According to an article published in the Wall Street Journal "J.P. Morgan Chase reached a tentative deal this weekend to pay $13 billion to end a number of civil investigations into its sale of mortgage securities before the 2008 financial crisis, but a separate and potentially more serious criminal probe into the bank and its executives will continue".
"The Justice Department, convinced it has strong evidence related to the bank's conduct and eager to send a message to Wall Street, rebuffed repeated attempts by J.P. Morgan to settle the criminal investigation without admitting wrongdoing and agreed only to resolve the civil investigations. It also threatened last Thursday to file its civil case this coming Wednesday if the two sides can't reach a final deal,said people close to the talks.
he proposed pact includes $4 billion to settle claims by the Federal Housing Finance Agency that J.P. Morgan misled Fannie Mae and Freddie Mac about the quality of the mortgage securities it sold them, another $4 billion in consumer relief, and $5 billion in penalties paid by the bank, according to people familiar with the deal. But the two sides remain apart on several issues related to the civil settlement, including whether the bank should have to admit that it didn't follow its own due-diligence standards in packaging the mortgages into securities it could sell, according to people familiar with the discussions.
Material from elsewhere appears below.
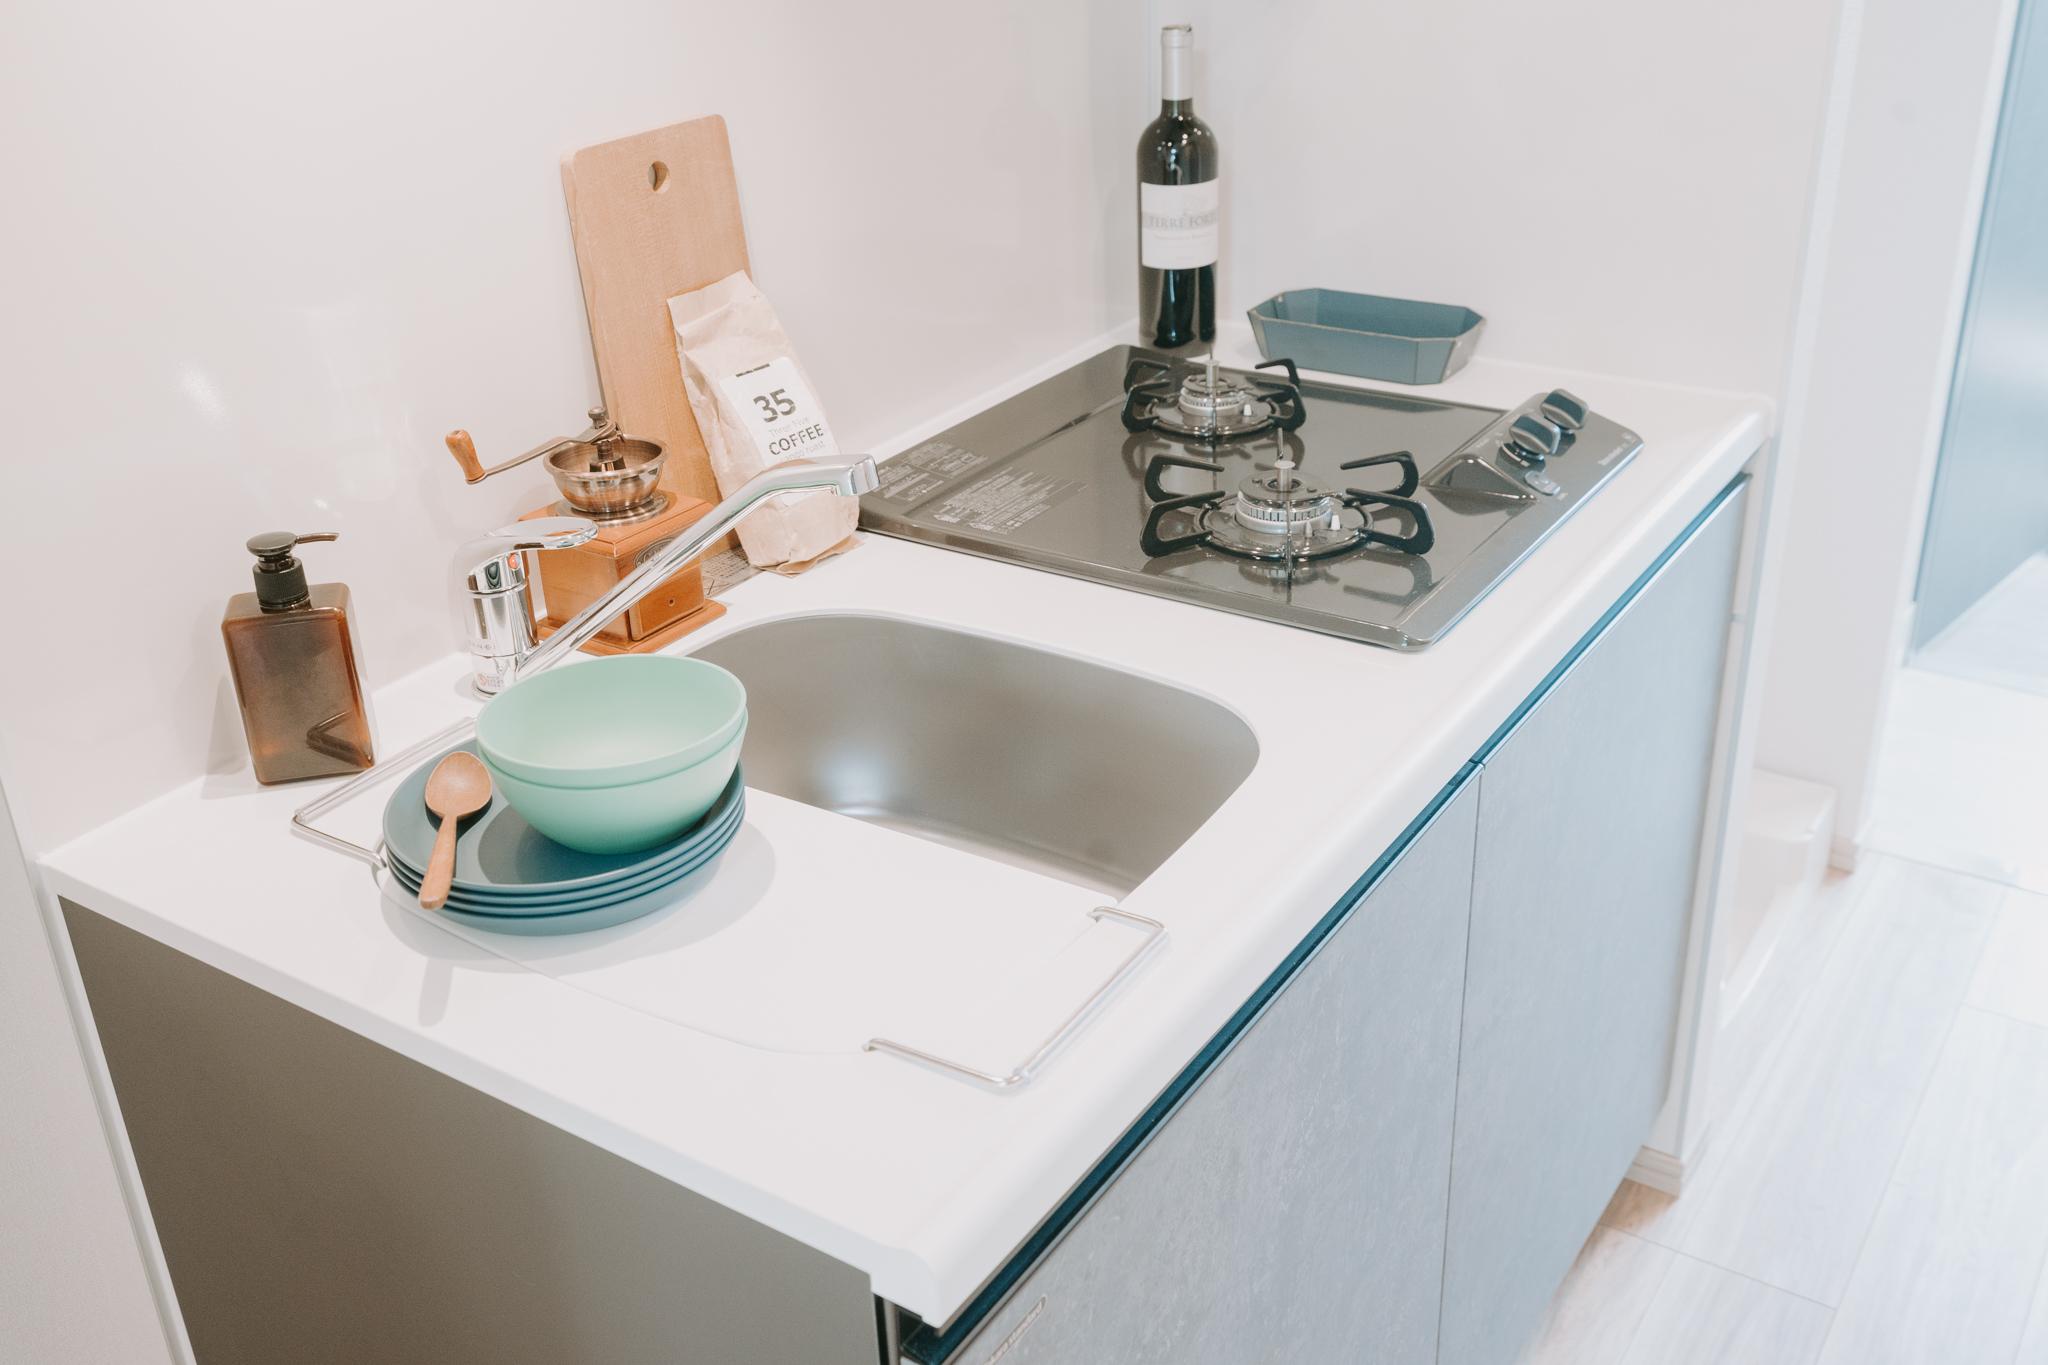 キッチンは二口ガスコンロ付き。調理スペースは狭いのですが、シンクにかけられるプレートがまな板置きに役立ちそうで、特に不便は感じなさそう。

The talks come as the bank faces an uphill battle in Washington. Once a favorite in the capital, J.P. Morgan now is grappling with a bruised reputation and fractured relationship with regulators in the wake of the "London whale" trading fiasco out of the bank's U.K. headquarters. The trades, which lost the bank $6.5 billion, transformed J.P. Morgan from an institution that seemingly could do no wrong to one under heavy and unyielding scrutiny".